Showing papers on "Cannabinoid receptor published in 1994"

Formation and inactivation of endogenous cannabinoid anandamide in central neurons.

Abstract: Anandamide (N-arachidonoyl-ethanolamine) was recently identified as a brain arachidonate derivative that binds to and activates cannabinoid receptors, yet the mechanisms underlying formation, release and inactivation of this putative messenger molecule are still unclear. Here we report that anandamide is produced in and released from cultured brain neurons in a calcium ion-dependent manner when the neurons are stimulated with membrane-depolarizing agents. Anandamide formation occurs through phosphodiesterase-mediated cleavage of a novel phospholipid precursor, N-arachidonoyl-phosphatidylethanolamine. A similar mechanism also governs the formation of a family of anandamide congeners, whose possible roles in neuronal signalling remain unknown. Our results and those of others indicate therefore that multiple biochemical pathways may participate in anandamide formation in brain tissue. The life span of extracellular anandamide is limited by a rapid and selective process of cellular uptake, which is accompanied by hydrolytic degradation to ethanolamine and arachidonate. Our results thus strongly support the proposed role of anandamide as an endogenous neuronal messenger.

The pharmacological activity of anandamide, a putative endogenous cannabinoid, in mice.

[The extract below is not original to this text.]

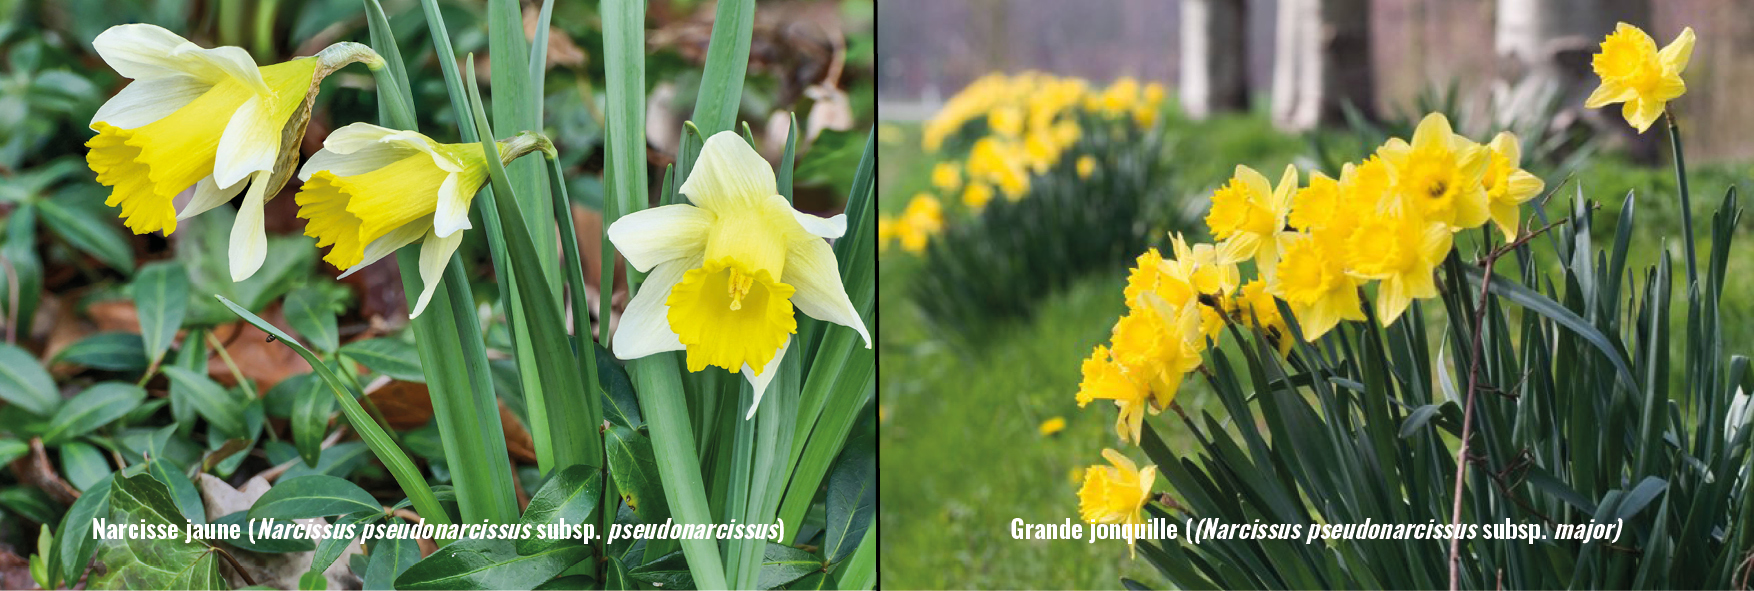 Narcisse jaune vs Grande jonquille

Abstract: The arachidonic acid derivative anandamide (arachidonylethanolamide) has been isolated from porcine brain and has been shown to bind competitively to the cannabinoid receptor. Although the pharmacological activity of this compound has not yet been fully determined, preliminary data suggest that it produces several effects similar ot the cannabinoids. In the present experiments anandamide produced effects similar to those of delta 9-tetrahydrocannabinol, including antinociception (as determined in a latency to tail-flick evaluation), hypothermia, hypomotility and catalepsy in mice after i.v., i.t. and i.p. administration. In general, the effects of anandamide occurred with a rapid onset, but with a rather short duration of action. Prominent antinociceptive effects (> 80% maximal possible effect) were measured immediately after i.v. and i.t. administration. Anandamide produced significant decreases in rectal temperature (2-4 degrees C) after either i.v. or i.t. injection. Maximal effects on motor activity (approximately 85% inhibition) were observed immediately after i.v. and i.p. administration and 10 min after i.t. administration. Maximum immobility observed after i.v. administration was over 80%, yet that produced after i.p. and i.t. administration was too small (< or = 20%) to be considered pharmacologically relevant. Anandamide was less potent (1.3 to 18 times) than delta 9-tetrahydrocannabinol in all behavioral assays. Pretreatment with nor-binaltorphimine, a kappa opioid antagonist which blocks i.t. delta 9-tetrahydrocannabinol-induced antinociception, failed to alter antinociception after i.t. anandamide administration. Binding studies demonstrating that anandamide displaces [3H]CP-55,940 from rat whole brain P2 membrane preparations with a KD of 101 +/- 15 nM. These findings demonstrate that anandamide produces effects in a tetrad of tests used to predict cannabimimetic activity and supports the contention of its role as an endogenous cannabinoid ligand. However, there appear to be distinct differences between anandamide and the cannabinoids with regard to their antinociceptive properties, and other properties vary as a function of route of administration.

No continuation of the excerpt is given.